Berem estaba a punto de desaparecer a gatas por el agujero. Raistlin reflexionaba sobre qué debería hacer, preguntándose si sería mejor detenerlo, cuando de repente Flint lanzó un chillido terrible. El enano se llevó las manos al pecho y, aullando de dolor, cayó de rodillas.

—Su corazón. Lo sabía —dijo Raistlin—. Lo había avisado.

El instinto le llevaba a ir a socorrer al enano, pero se detuvo. Ya no formaba parte de sus vidas. Ellos ya no formaban parte de la suya. Raistlin se quedó observando y esperando. De todos modos, no podía hacer nada.

Berem oyó el grito de Flint y se volvió, temeroso. Al ver que el viejo enano se desplomaba, el hombre vaciló. Miró la abertura en la pared, miró a Flint y echó a correr para ayudarlo. Berem se arrodilló junto al enano, que se había quedado pálido.

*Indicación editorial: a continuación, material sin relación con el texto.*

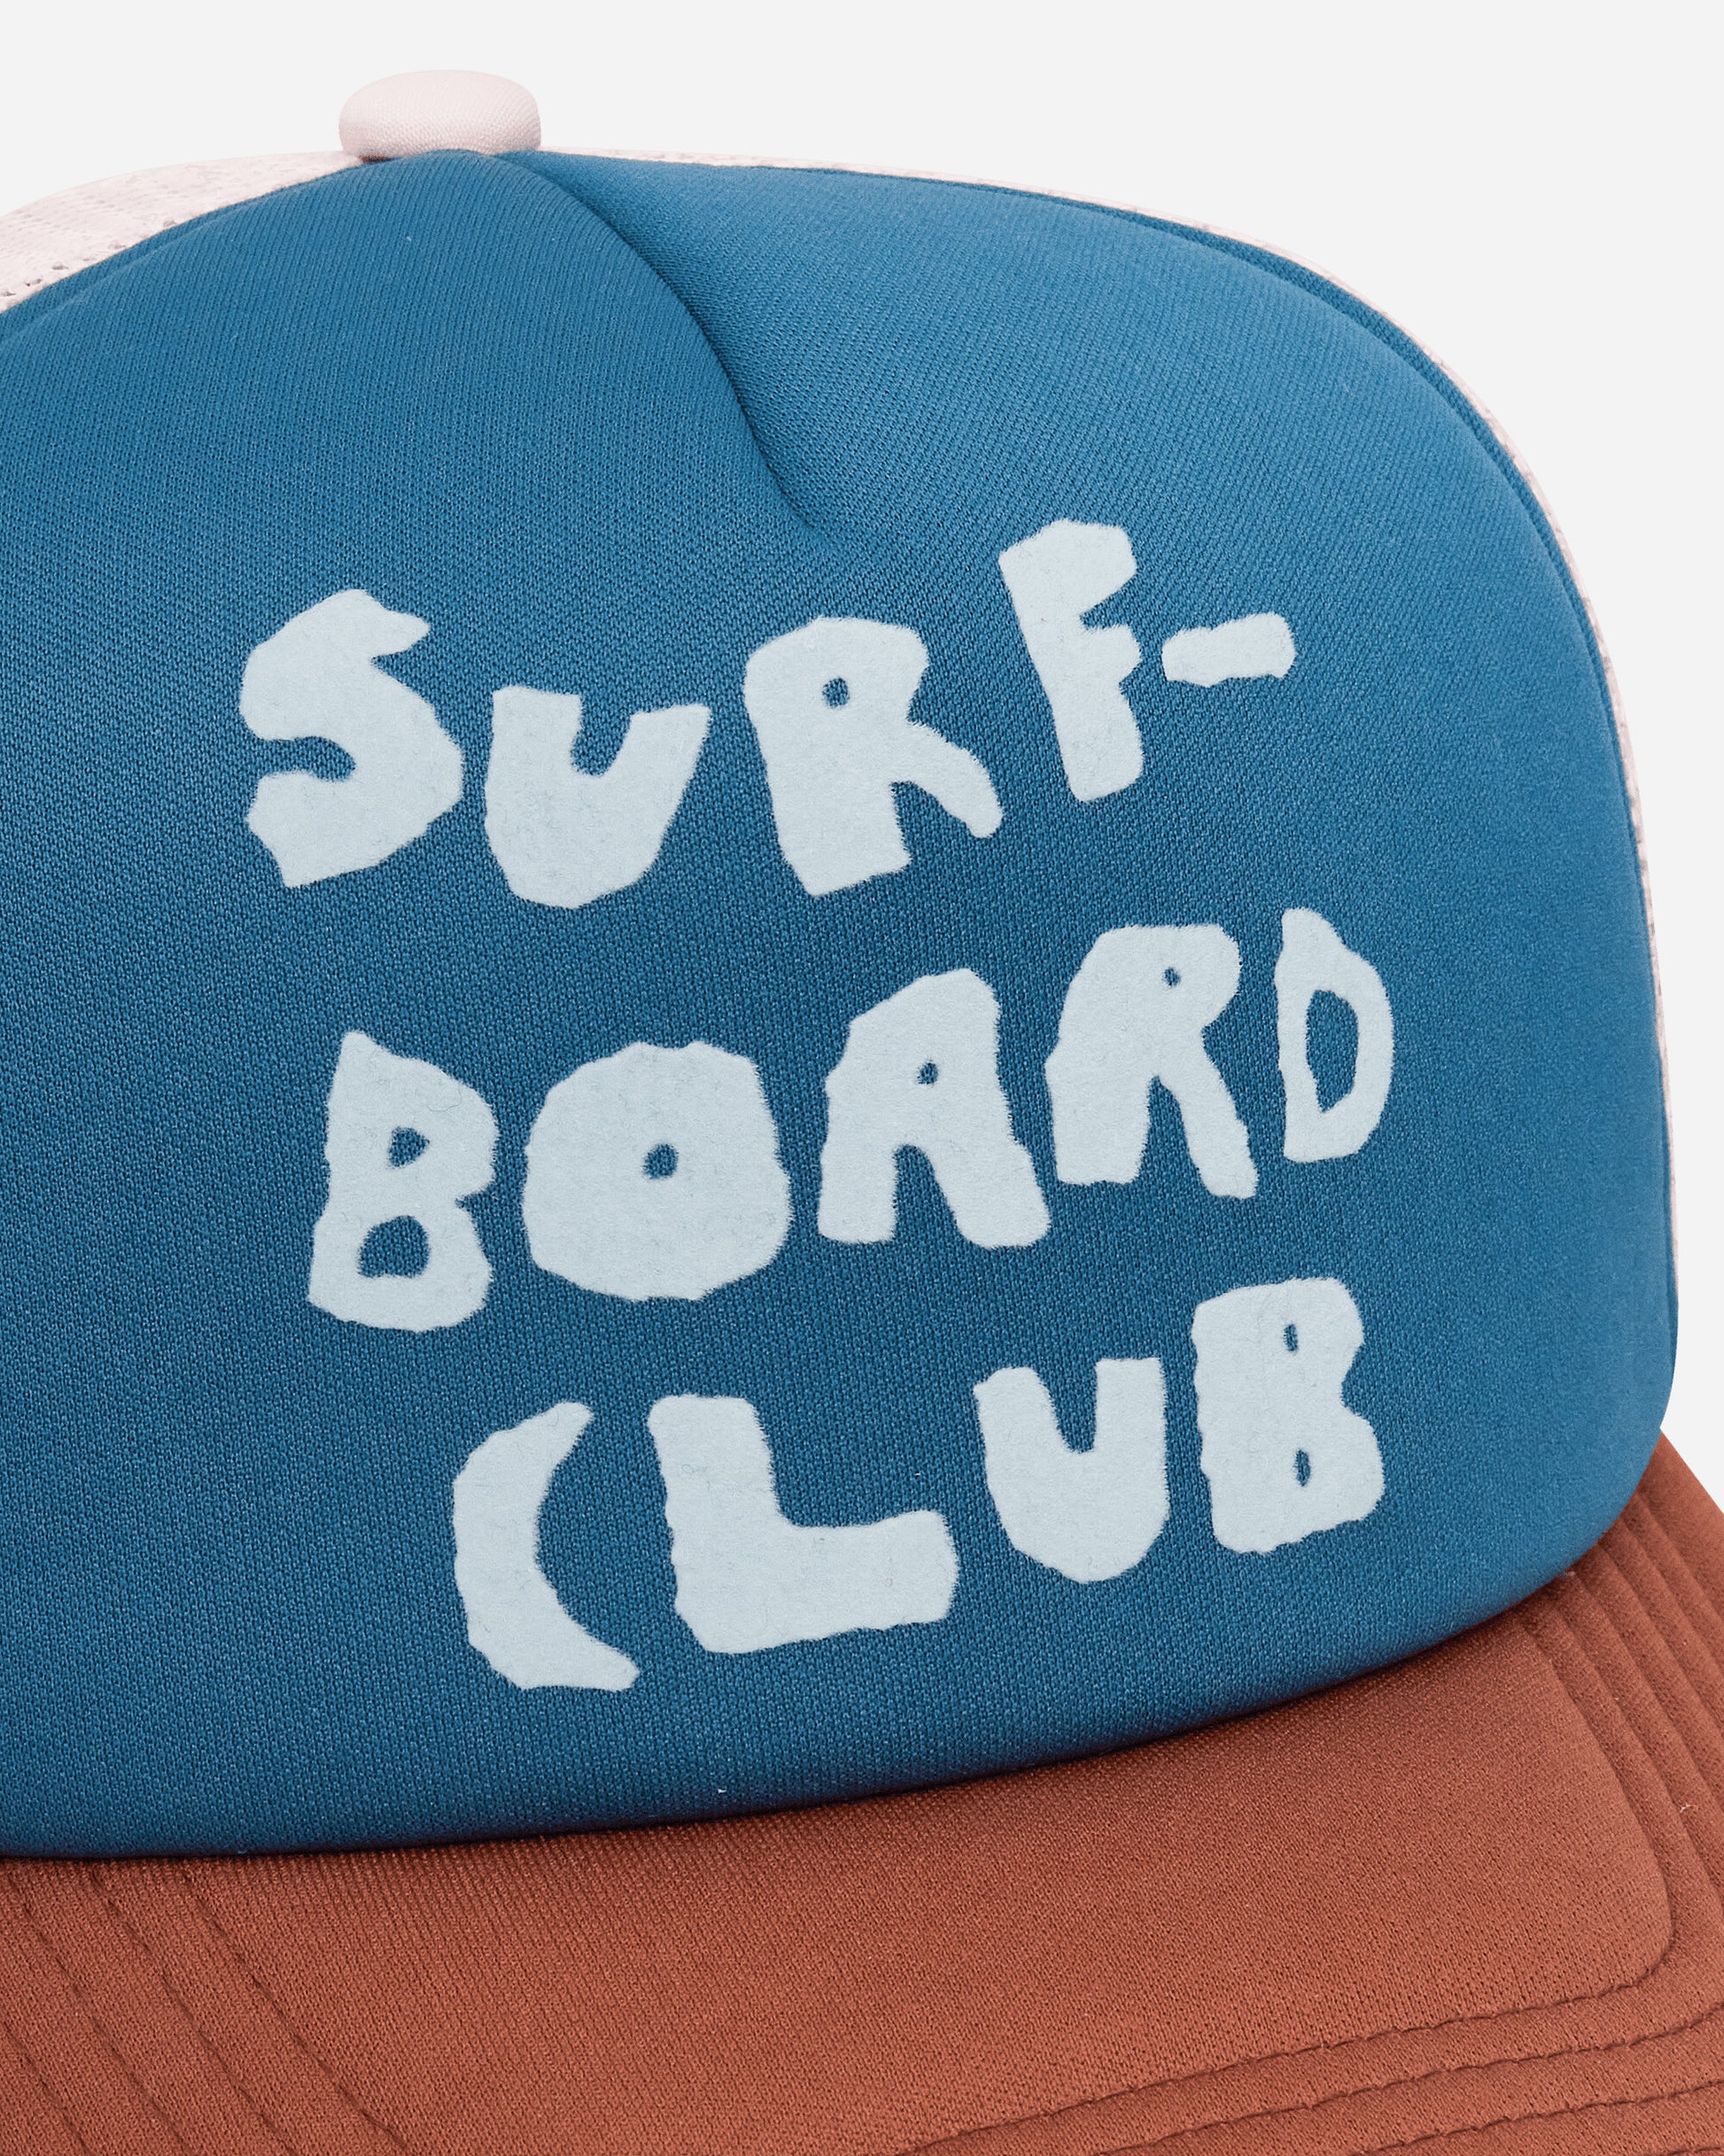 Stockholm (Surfboard) Club Pete Logo Blue and Brown Hats Caps U7000056 1

—¿Qué te pasa? ¿Qué puedo hacer? —preguntó Berem.

—No es nada. —Flint boqueaba en busca de aire. Se apretaba el pecho con las manos—. Tengo la digestión un poco pesada, eso es todo. Algo que he comido. Sólo... ayúdame a ponerme de pie. Me cuesta respirar. Si camino un poco...

Berem ayudó al enano a levantarse.

Desde el otro extremo del valle, Tasslehoff por fin los había visto. Pero, como no podía ser de otra manera, el kender interpretó mal toda la situación. Creyó que Berem estaba atacando a Flint.

—¡Allí está Berem! —gritó fuera de sí el kender—. ¡Y está haciéndole algo a Flint! ¡Corre, Tanis!

Flint dio un paso y se tambaleó. Se le pusieron los ojos en blanco. Le fallaron las piernas. Berem cogió al enano en brazos y lo tumbó delicadamente sobre las rocas. Se quedó inclinado sobre él, sin saber qué hacer.

Al oír las pisadas que corrían hacia él, Berem se incorporó. Parecía aliviado. Por fin llegaba ayuda.

—¿Qué has hecho? —aullaba Tanis enfurecido—. ¡Lo has matado!

Desenvainó la espada y hundió la hoja en el pecho de Berem.

El hombre se estremeció y dejó escapar un grito. Se tambaleó y, atravesado por la espada, cayó sobre Tanis. El peso de su cuerpo estuvo a punto de tirarlos a los dos al suelo.

Las manos de Tanis se cubrieron de sangre. El semielfo arrancó la espada de su víctima y se volvió, dispuesto a enfrentarse a Caramon, que intentaba apartarlo. Berem gemía en el suelo, mientras la sangre manaba de la herida mortal. Tika sollozaba.

Flint no había visto nada de lo sucedido. Estaba abandonando el mundo, su alma se disponía a emprender la próxima etapa del viaje. Tasslehoff cogió al enano de la mano e intentó que se incorporara.

—Déjame, cabeza de chorlito —protestó Flint con un hilo de voz—. ¿No ves que estoy muriéndome?

Tasslehoff gimió, sobrepasado por el dolor, y cayó de rodillas.

—¡No estás muriéndote, Flint! No digas eso.

—¡Sabré yo si estoy muriéndome o no! —repuso Flint iracundo, mirándolo ceñudo.